Activity
Copy each entry verbatim, excluding its images.

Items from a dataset
Segment Open

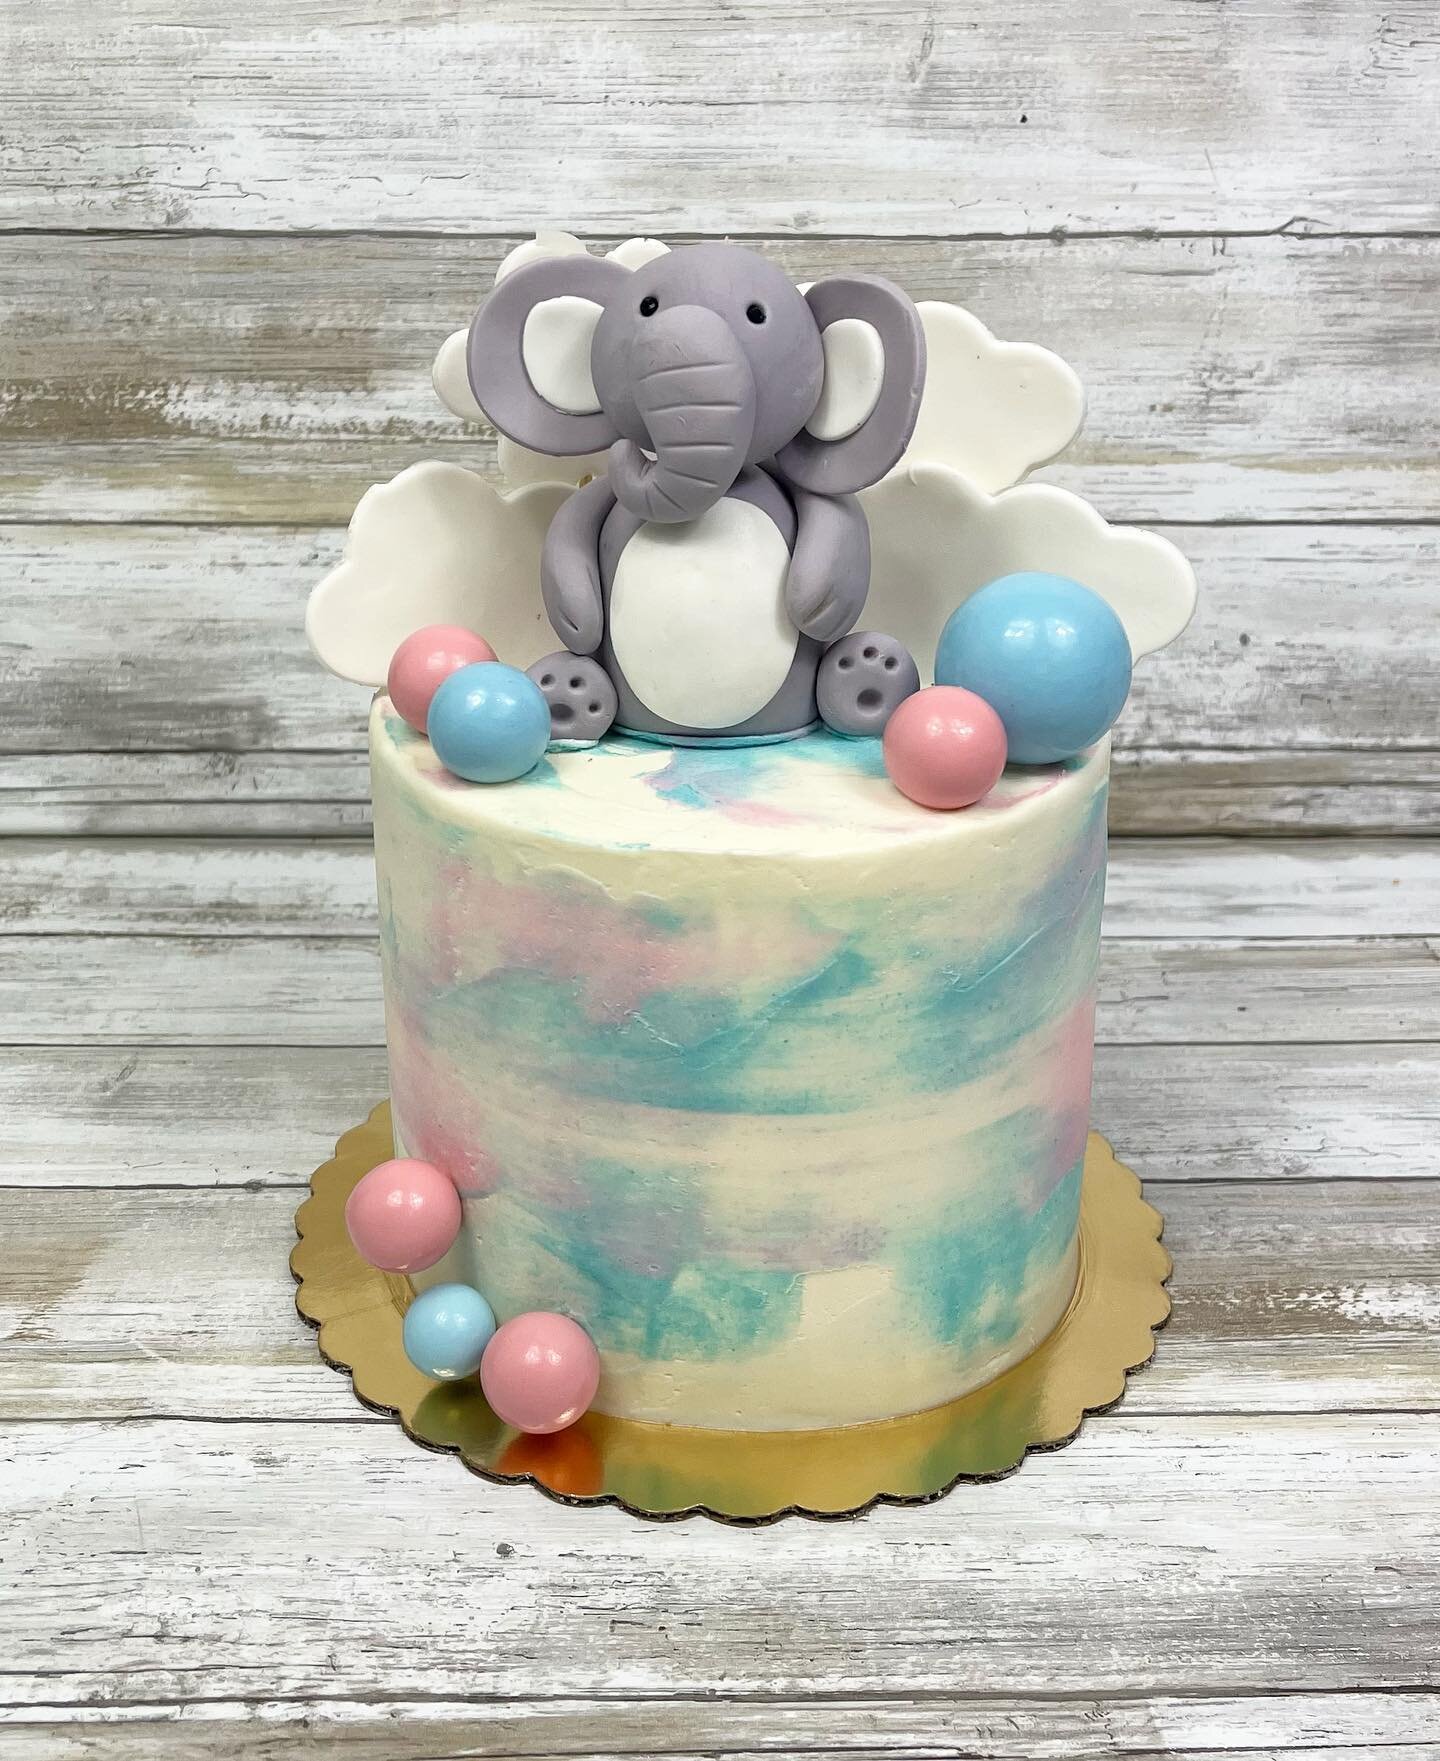 Sweet gender reveal cake..
.
#posh #poshcakes #parker #parkercolorado #elephantcake #genderrevealcake #babyshowercake #denverbakery #instacake #babycakes
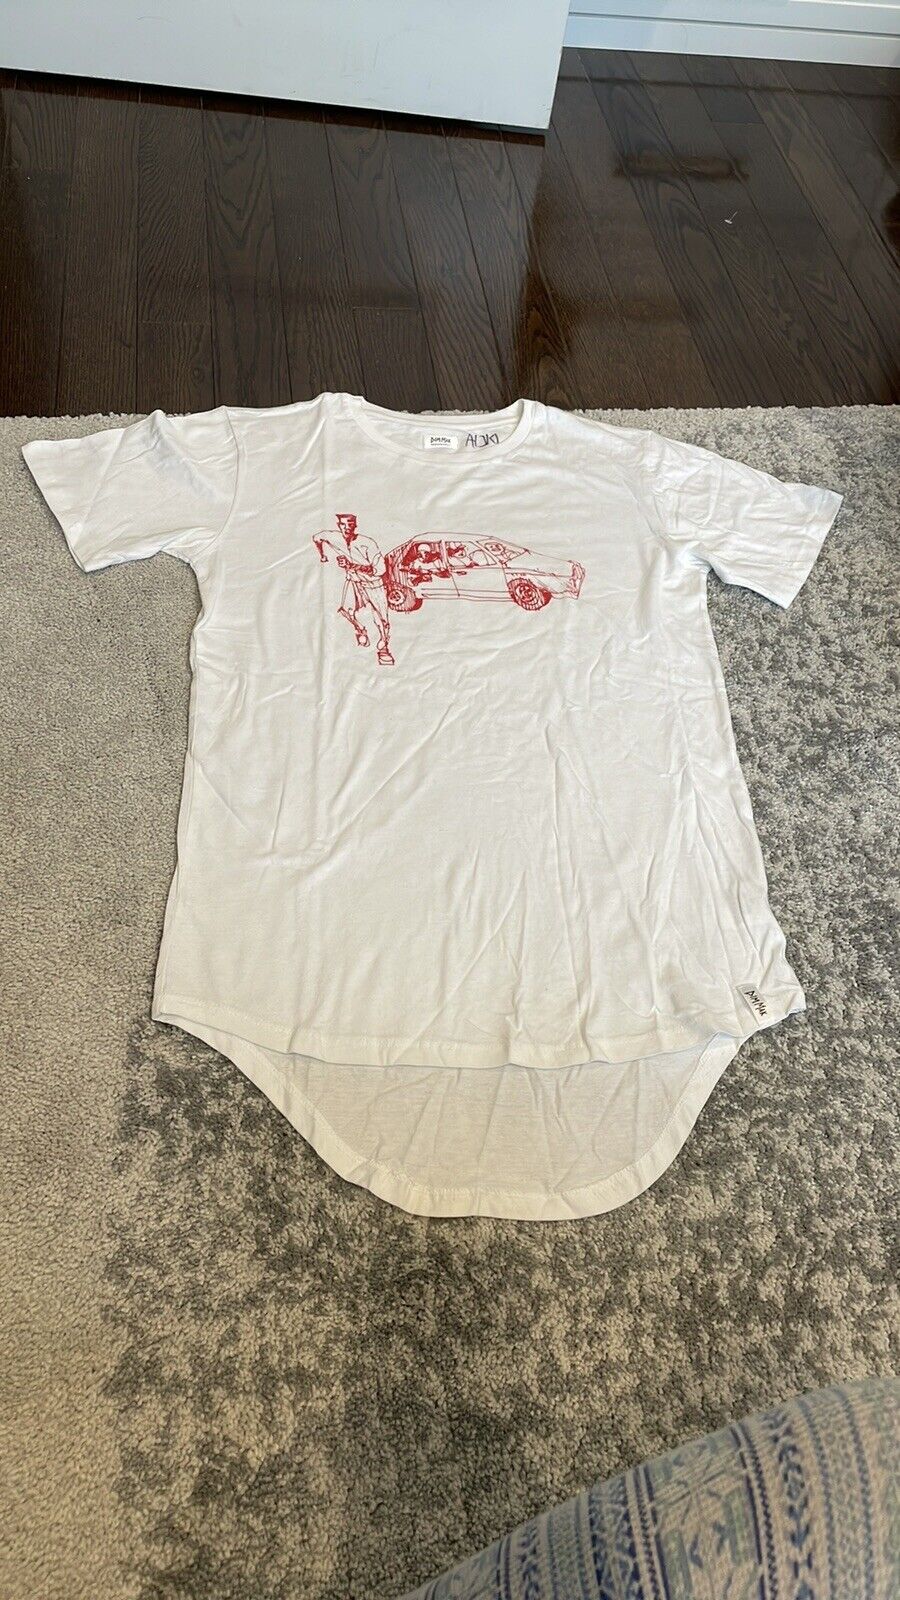 DIM MAK t shirt with Steve Aoki signature - image 1
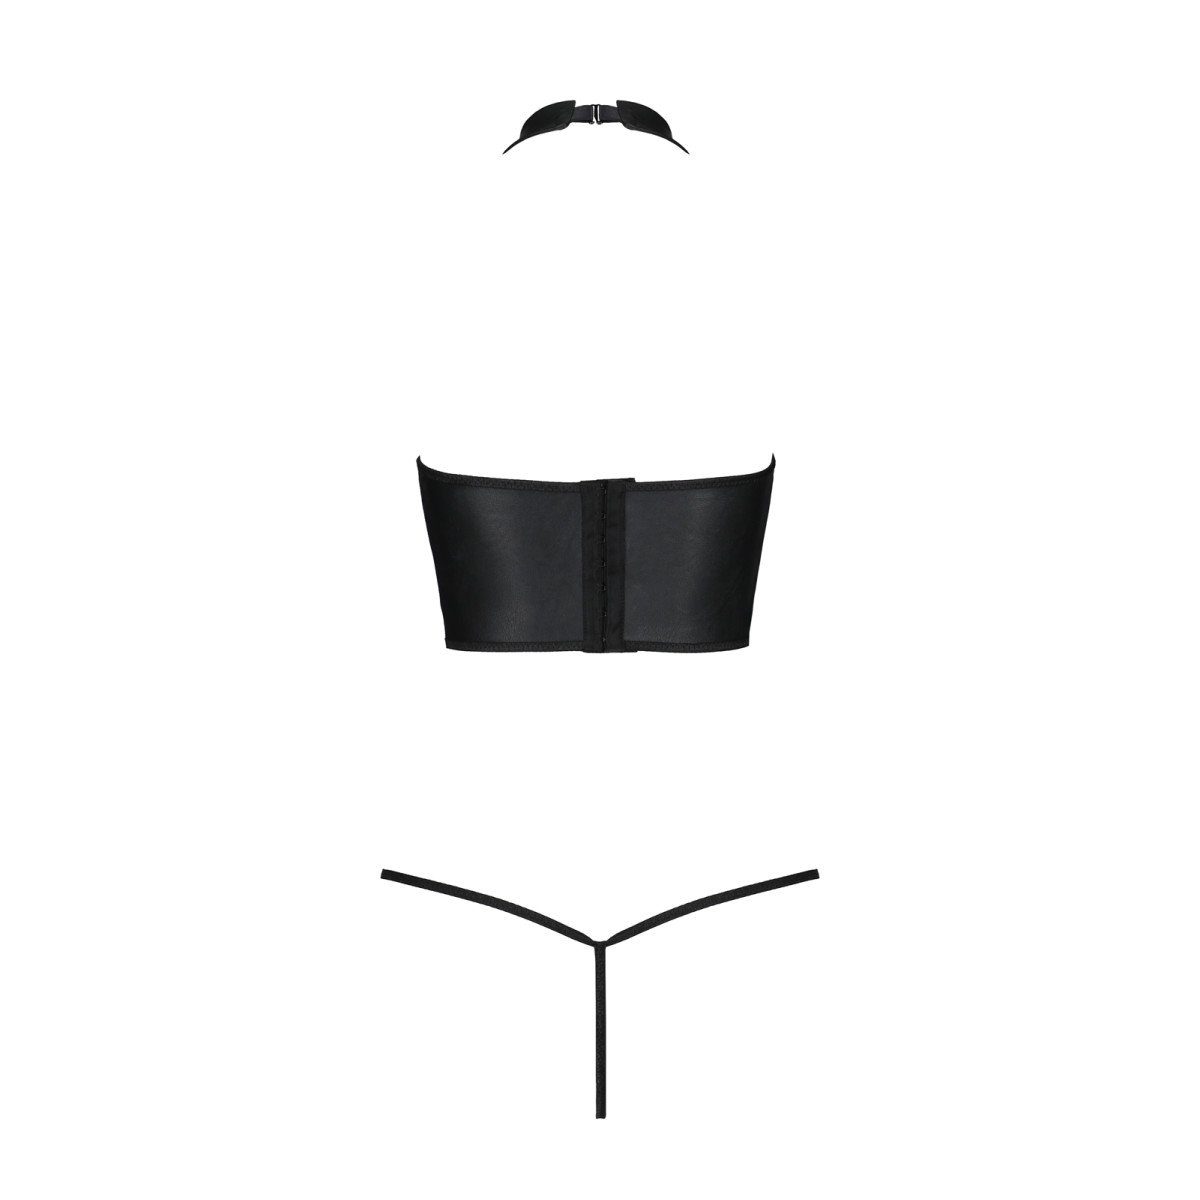 Schalen-BH (L/XL,S/M,XXL) 2pcs with - open Passion-Exklusiv set PE Set: Genevia black bra
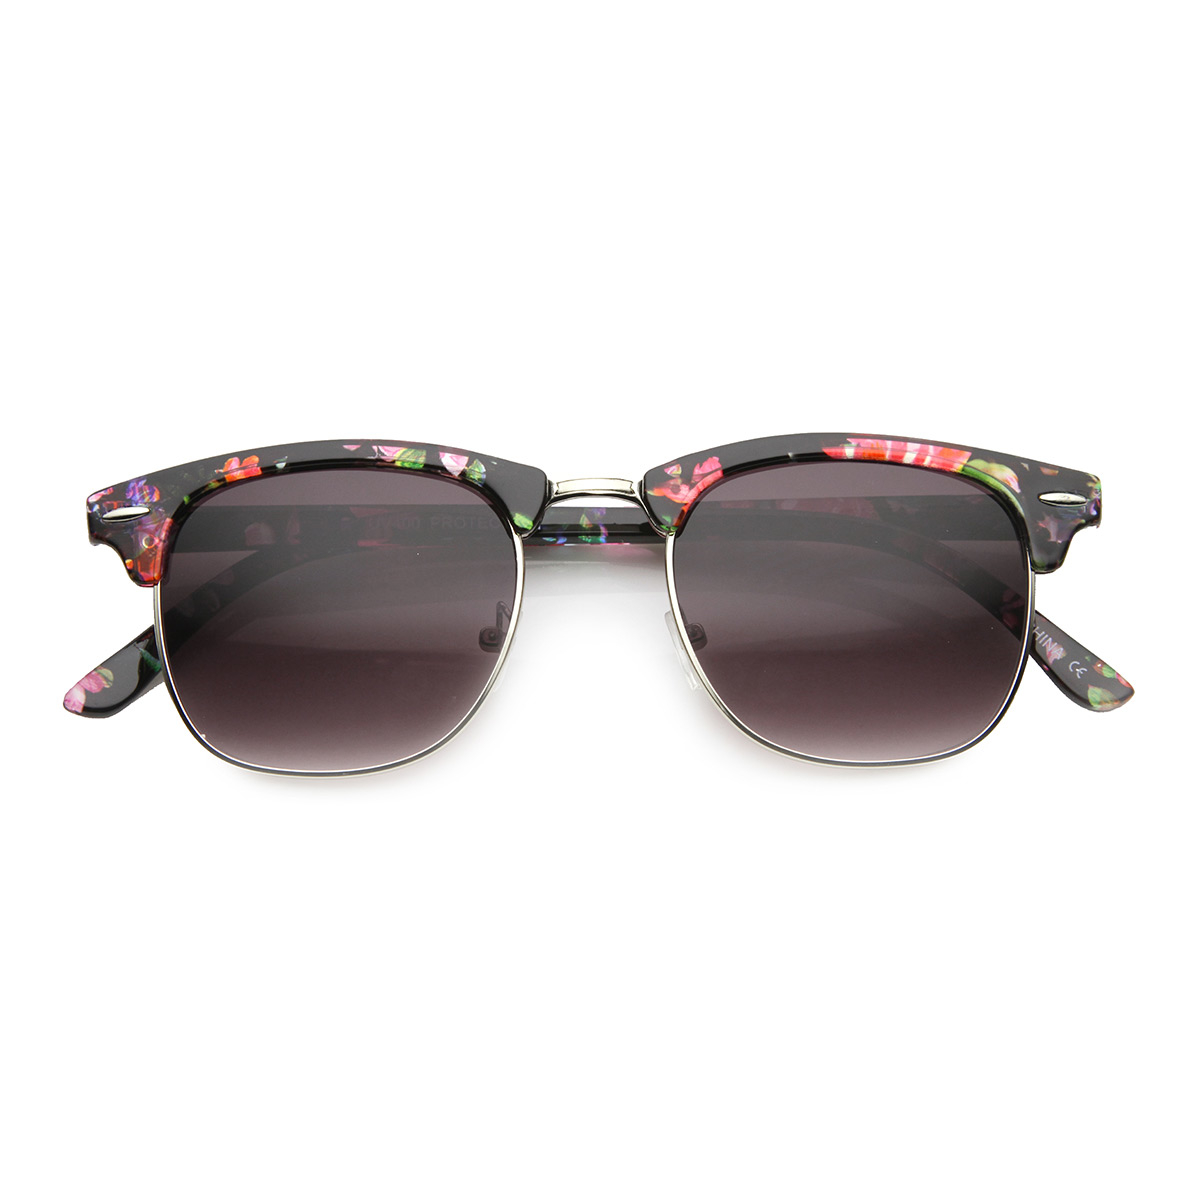 Women's Floral Pattern Square Half-Frame Horn Rimmed Sunglasses 9775 - Clear-Pink / Lavender

Segment Closed

The completed task
 Sweet gender reveal cake..
.
#posh #poshcakes #parker #parkercolorado #elephantcake #genderrevealcake #babyshowercake #denverbakery #instacake #babycakes
 DIM MAK t shirt with Steve Aoki signature - image 1
 Schalen-BH (L/XL,S/M,XXL) 2pcs with - open Passion-Exklusiv set PE Set: Genevia black bra
 Women's Floral Pattern Square Half-Frame Horn Rimmed Sunglasses 9775 - Clear-Pink / Lavender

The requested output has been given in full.